For many years, you may have booked the cheapest airline or hotel available when you travel. You probably left arriving at the airport until the very last minute to avoid sitting around at the boarding gate. You dread the thought of the plane arrival being delayed and having to spend more time in the departure lounge, now crowded with other frustrated passengers. Do not mention the overpriced food that you may have to buy at the food outlets if the flight is delayed.

You may also have seen a number of people arriving at the gate a little while after the boarding call and going directly onto the aircraft often to seats towards the front of the aircraft. These passengers are still flying in economy class on domestic flights but they are avoiding the delays waiting at the gate. In actual fact, many may have been enjoying a drink and a meal in the airline lounge. Often, you may see a vacant seat between them and the other passenger while you have been allocated the middle seat towards the rear of the plane. How do they do it? Isn’t it something that you also deserve in your retirement being able to walk directly onto the plane, sit in a forward seat and decline a meal because you have already eaten well?

One secret is to build up status with an airline, hotel chain and even cruise companies in the years leading up to retirement so that you can enjoy the benefits of status in retirement.

Do you belong to any rewards program of any airline, hotel chain or cruise company? If not, why not? Many are free to join and may or may not have annual fees.

Prior to joining any of the rewards programs, it is important to think about which is the best program to join. Where am I likely to travel to mostly in my retirement, what are the reward earnings available and what are other partners available are some questions that need to be considered. For example, with airlines there are three main alliances;

  1. One World with members like Qantas, British Airways, Emirates and American Airlines
  2. Star Alliance with members like Air New Zealand, Singapore Airlines and Thai Airways
  3. Sky Team with members such as Aeroflot, Air France, Korean Air and United Airlines.

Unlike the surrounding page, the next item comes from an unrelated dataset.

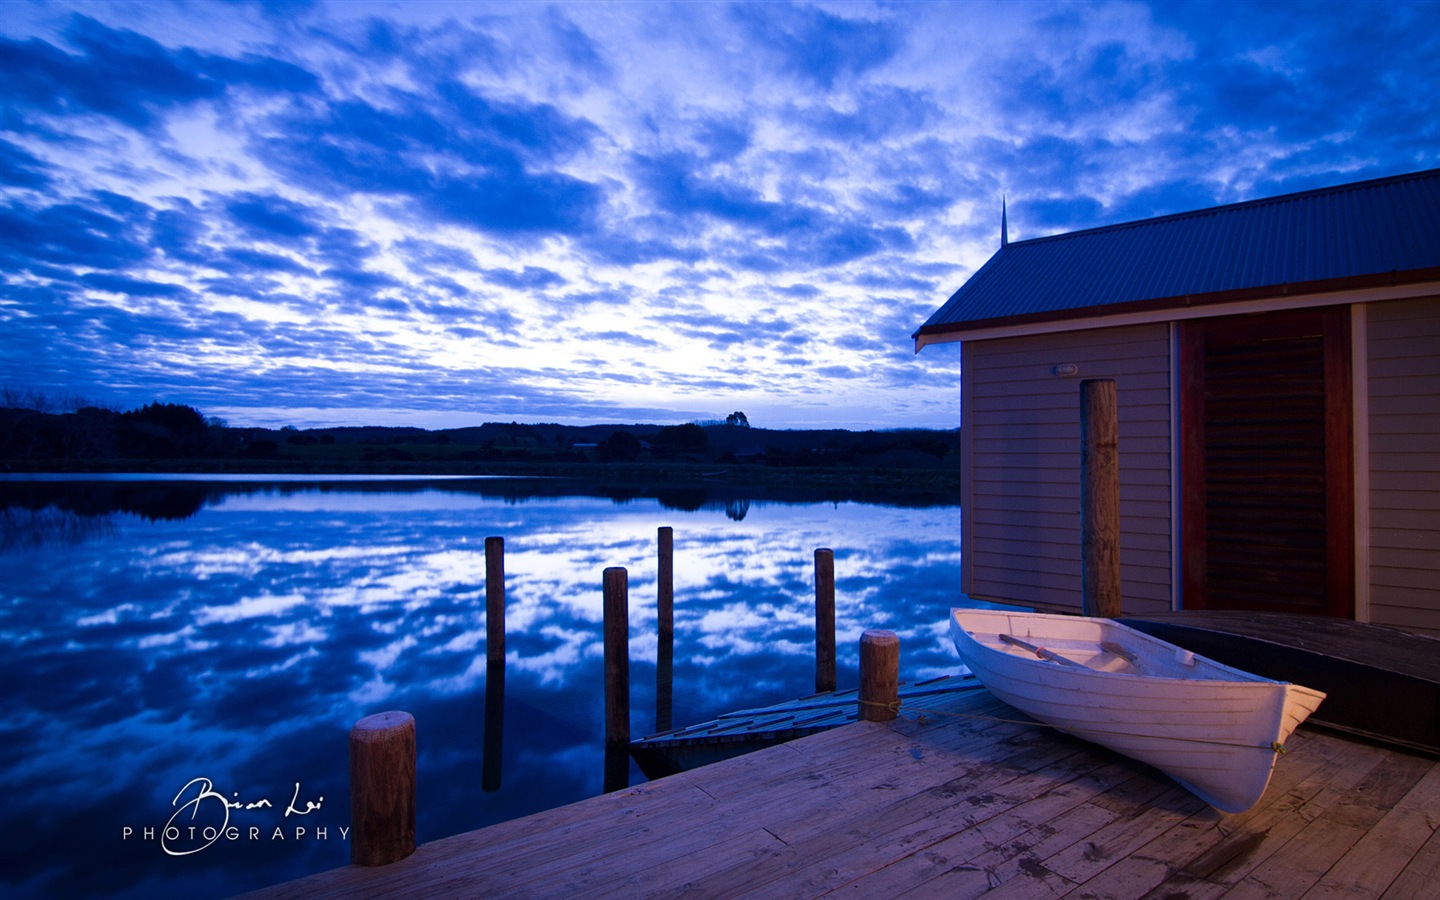 New Zealand North Island beautiful scenery, Windows 8 theme wallpapers #1 - 1440x900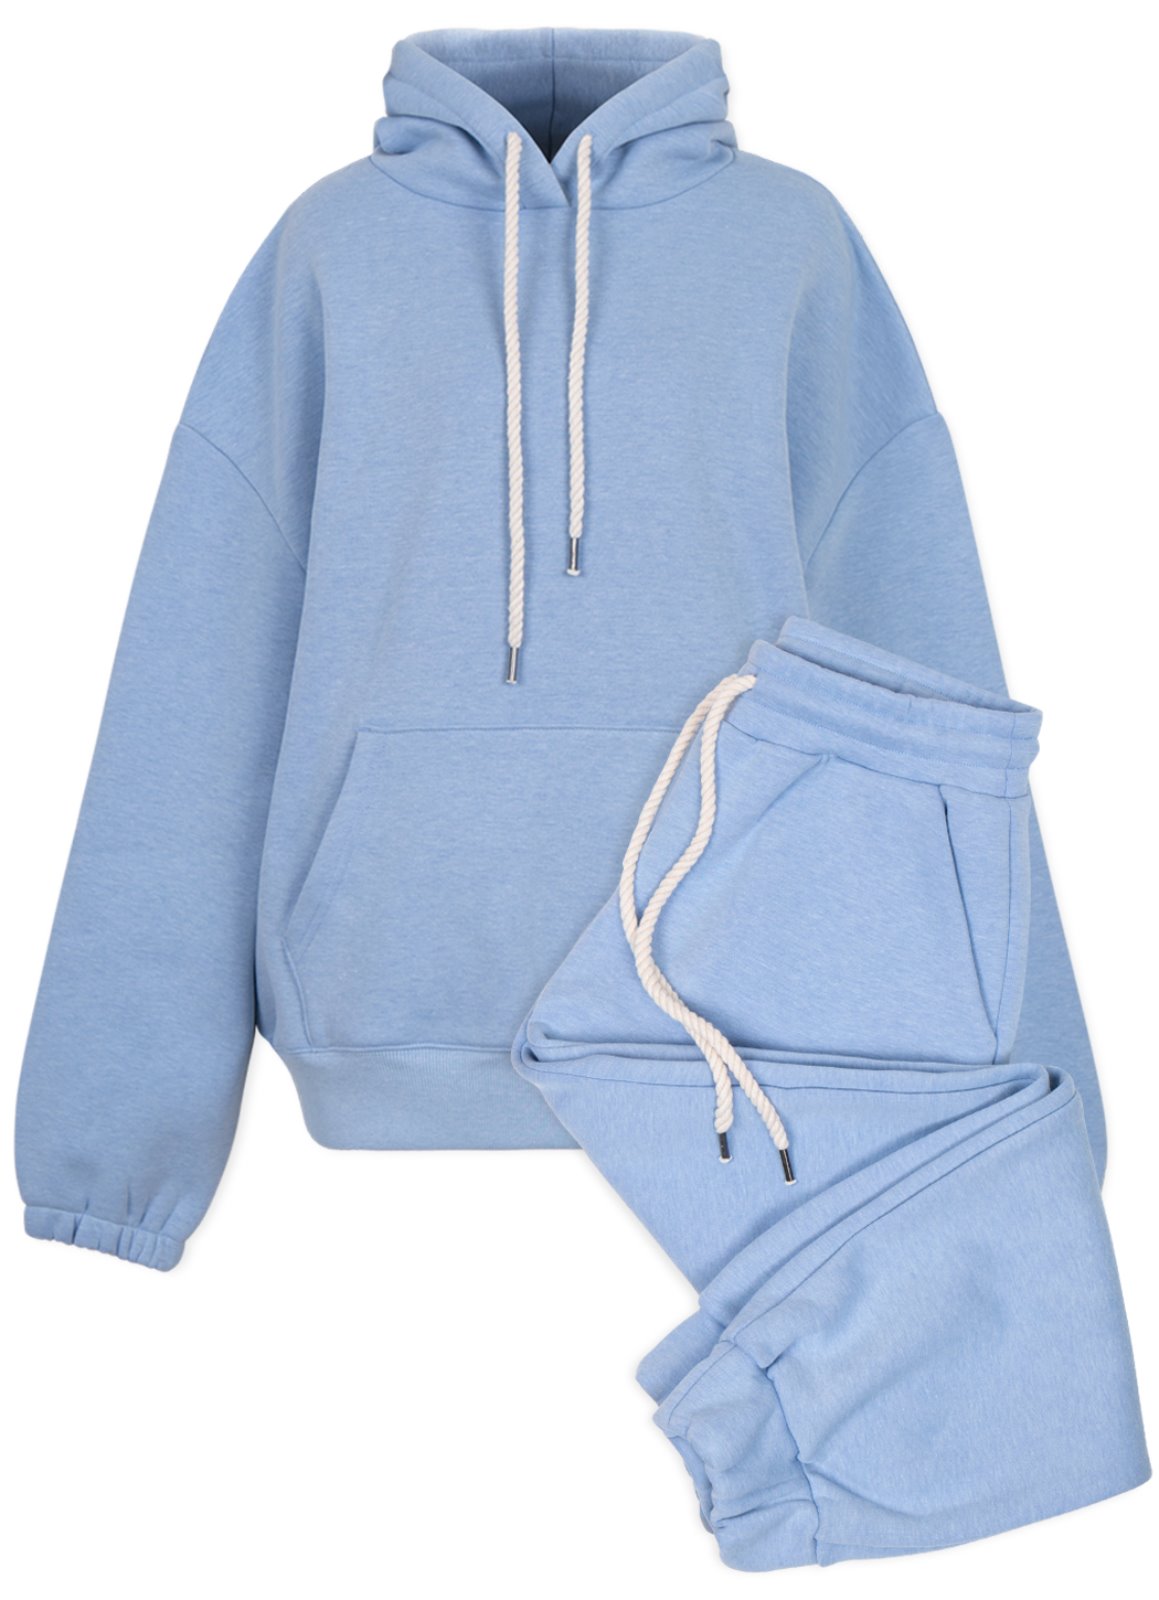 W.Winter hoodie set up (기모)  Pale blue

If you don’t have the time to build up status, there may be cheaper options than just going to the travel agent and booking an overseas holiday. Some airlines and hotels for example allow you to buy miles or points, sometimes at a discount. One airline on 11 December 2019 has offered bonus miles of between 30 – 70 percent depending upon the number of miles purchased. You can then use these miles or points to pay for airline bookings or hotel accommodation.

In 2014, I did purchase a first class ticket for my wife and I from London Heathrow To Sydney for 80,000 miles plus taxes. At that time, it equated to around $3500 each. A first class fare, at that time, was between $10,000 and $14,000 each. Have you been to the first class lounges at Heathrow or Dubai? Have you been escorted through the terminal to the door or the aircraft and been introduced to your cabin staff, shown to your seat and given a glass of the best champagne?

Isn’t this the type of lifestyle you desire in retirement? It is possible without breaking the bank.

Another option may be a round the world airfare which may be cheaper than a direct return flight. There are a number of options to be considered.

Status with hotels may offer various privileges from free bottle of water, free internet to room upgrades and early check in or late check out. The privileges depend upon the hotel chain and your status with that hotel chain.

Membership of these frequent flyer and hotel chain programs are generally free to join. Are you a member of any loyalty programs?